The alternative is to have a guardian appointed for you by the probate court when the need arises.  That's not the end of the world, but it's time-consuming (several weeks at least), expensive (most people can't do it without a lawyer's help, and a lawyer must also be appointed to represent your interests), and then the guardian must report regularly to the court as long as the guardianship lasts.  All of that can be avoided with a well-written durable power of attorney.

Fortunately, most people know all this by now.  What they may not know is that powers of attorney have a shelf life.  Most banks, insurance companies, investment firms and government agencies are reluctant to accept a power of attorney more than 10 years old.  They worry that the authority granted may have become stale over that long a period and may no longer represent your wishes.

The other snag in relying on older powers of attorney is that they're often quite brief and cryptic; that is, they grant general authority for your agent to act for you, rather than comprehensively granting the specific kinds of authority your agent might need to act for you in all manner of situations and transactions.  Most of the institutions I mentioned won't any longer accept a general statement of authority, but will insist on a specific reference to the kind of transaction your agent is trying to undertake.  One important example is that if the power of attorney pre-dates the so-called HIPAA medical records privacy law enacted in 1996, most hospitals and physicians won't honor a request for your records if the power of attorney contains general authority language but doesn't specifically authorize access to medical information. That's why current powers of attorney now mention every conceivable purpose for which they might need to be used.  This is one area of the law where the "kitchen sink" theory of draftsmanship is alive and well.

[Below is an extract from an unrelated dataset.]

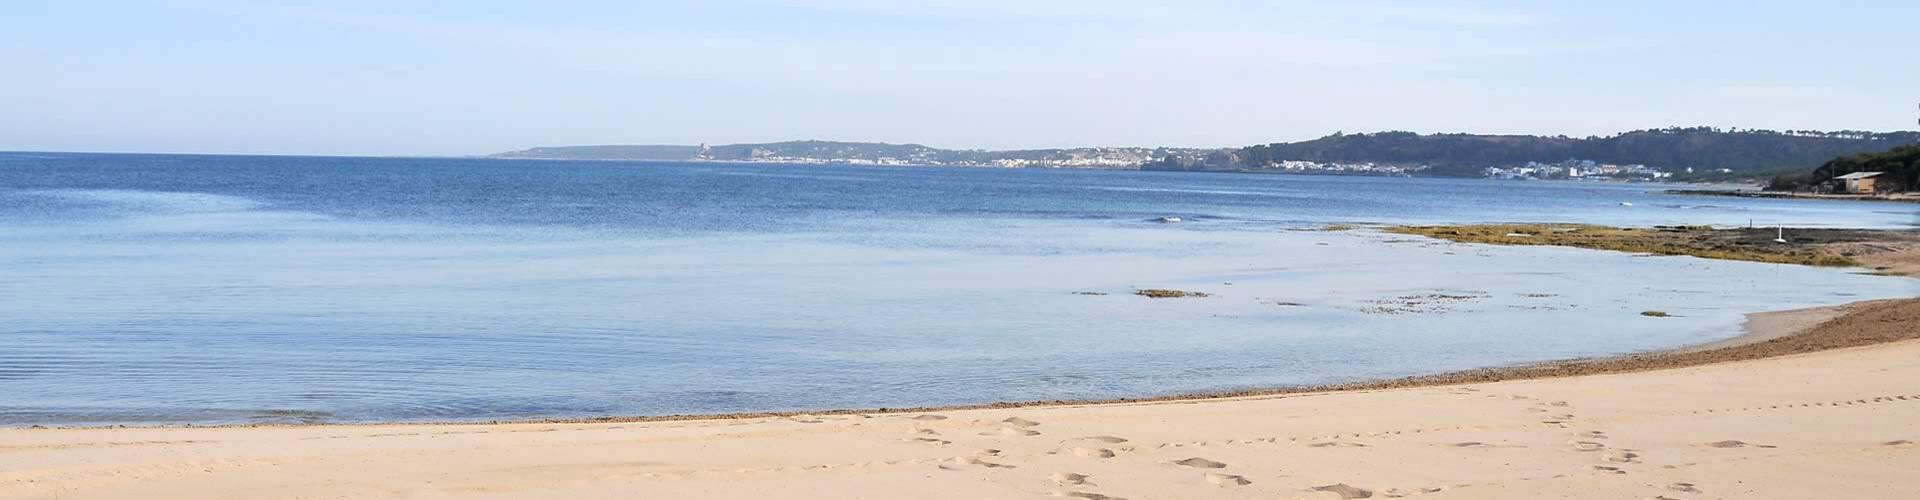 lavecchiatorregallipoli en the-beach 008

So, if you don't have a durable power of attorney at all, you need one.  If you have an old one, check how old it is and consider also whether it seems broad enough to describe everything you would want an agent to do to handle your affairs if you couldn't handle those tasks yourself.  Then, repeat the same exercise every 5 years at least.  You have to make sure these important bases are covered before the need arises.

PS - I've focused here solely on legal and financial powers of attorney; however, the same considerations are pertinent to health care directives that designate agents to make health-related decisions for you in the event of incapacity or incompetence!